I don't want to be lavish, I want to stay humble. I want peace and solitude. I want to be able to throw a crazy party every weekend with 100 people I've never seen before and I'll never see again. I want to find somebody special. I don't want trophy wives, I want somebody to balance me where I am weak. I want to grow closer to God. I want, although my cartoon says some terrible words, to be able to bring God's message to people without being "preachy" or "disrespectful" about it.
I mean dude, all things are possible. All fucking things are possible through God.
I know I'm cursing and saying God's name in the same sentence. I don't know if that's considered a sin, but I think God knows I'm using this word as a word of passion, and not anger.

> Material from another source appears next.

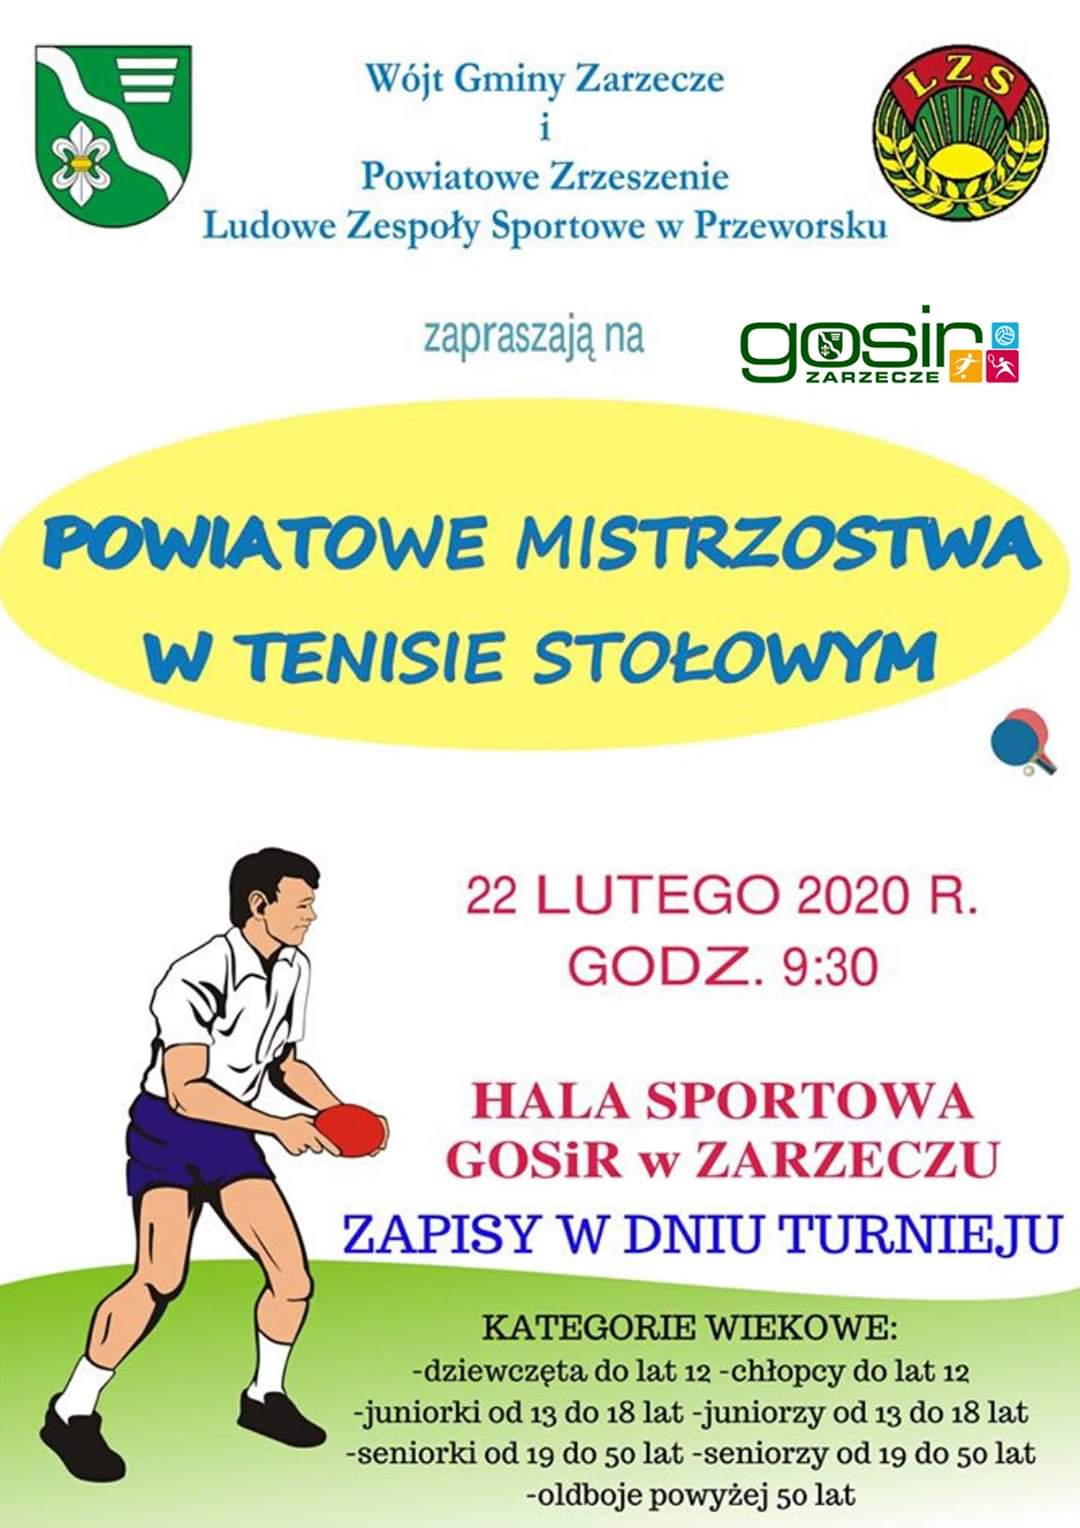 Powiatowe Mistrzostwa w tenisie stołowym w Zarzeczu
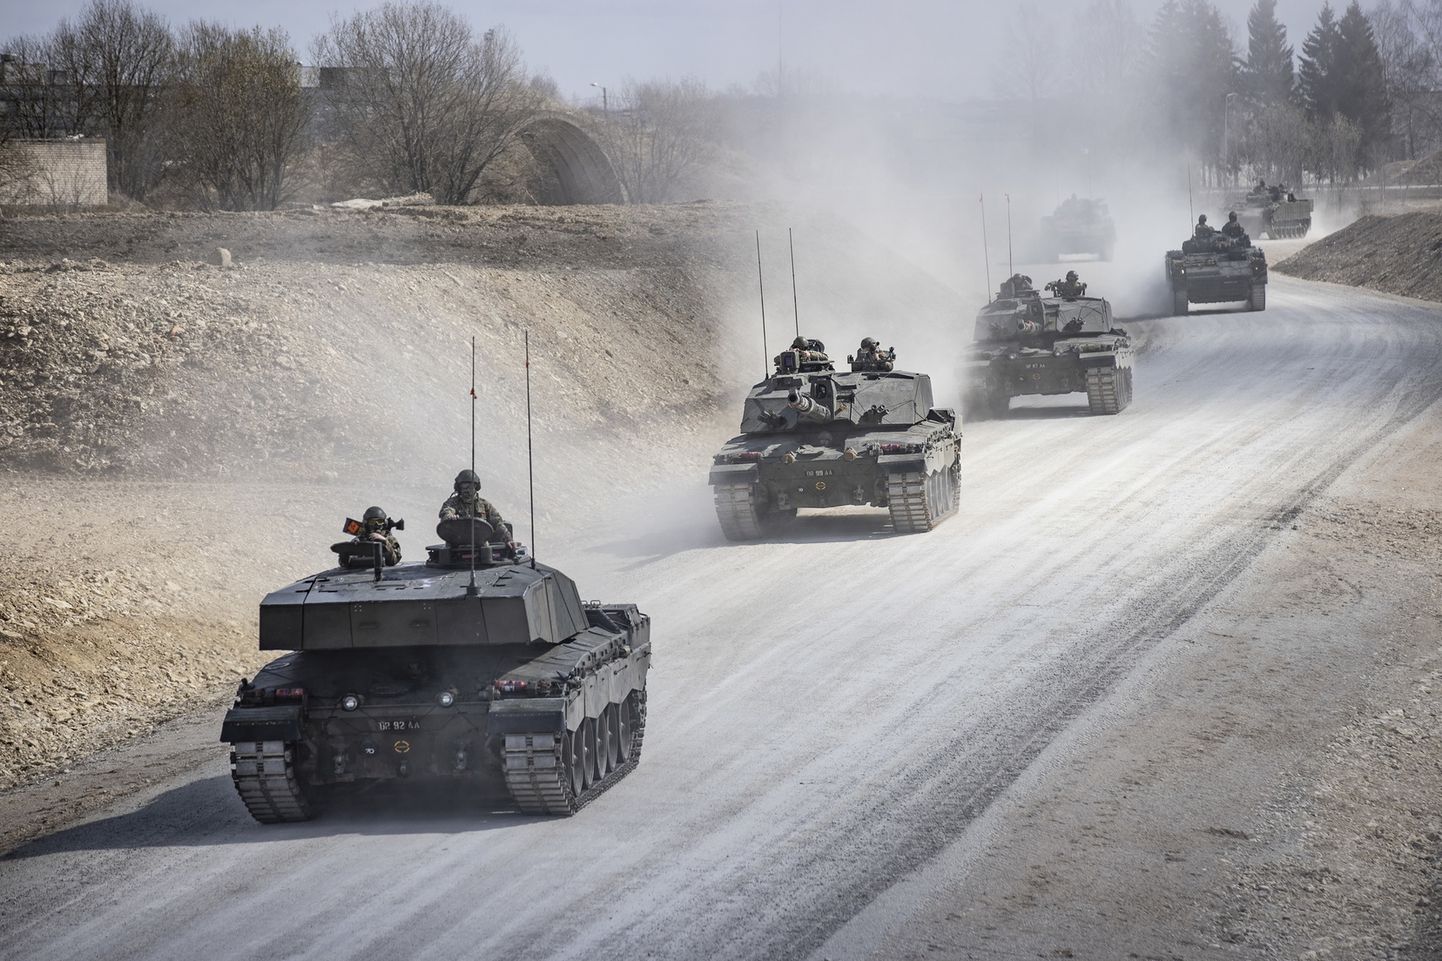 Завтра и послезавтра по дорогам Эстонии пройдут колонны военной техники.

Blah blah blah...I needed to get out all these raw emotions. I wonder if anyone will ever read this. I wonder if I'll ever actually be significant. I wonder if one day, years from now, somebody will read this saying "This was Freddy Z when he was still a nobody". Will they know I'm 26 living in my parents basement? Will they know I just spent ("wasted") the last 2 years of my life spending $18,000 on recording music that hasn't gone anywhere yet? Will they know that I've spent the last 6 months animating with social time spread out here and there?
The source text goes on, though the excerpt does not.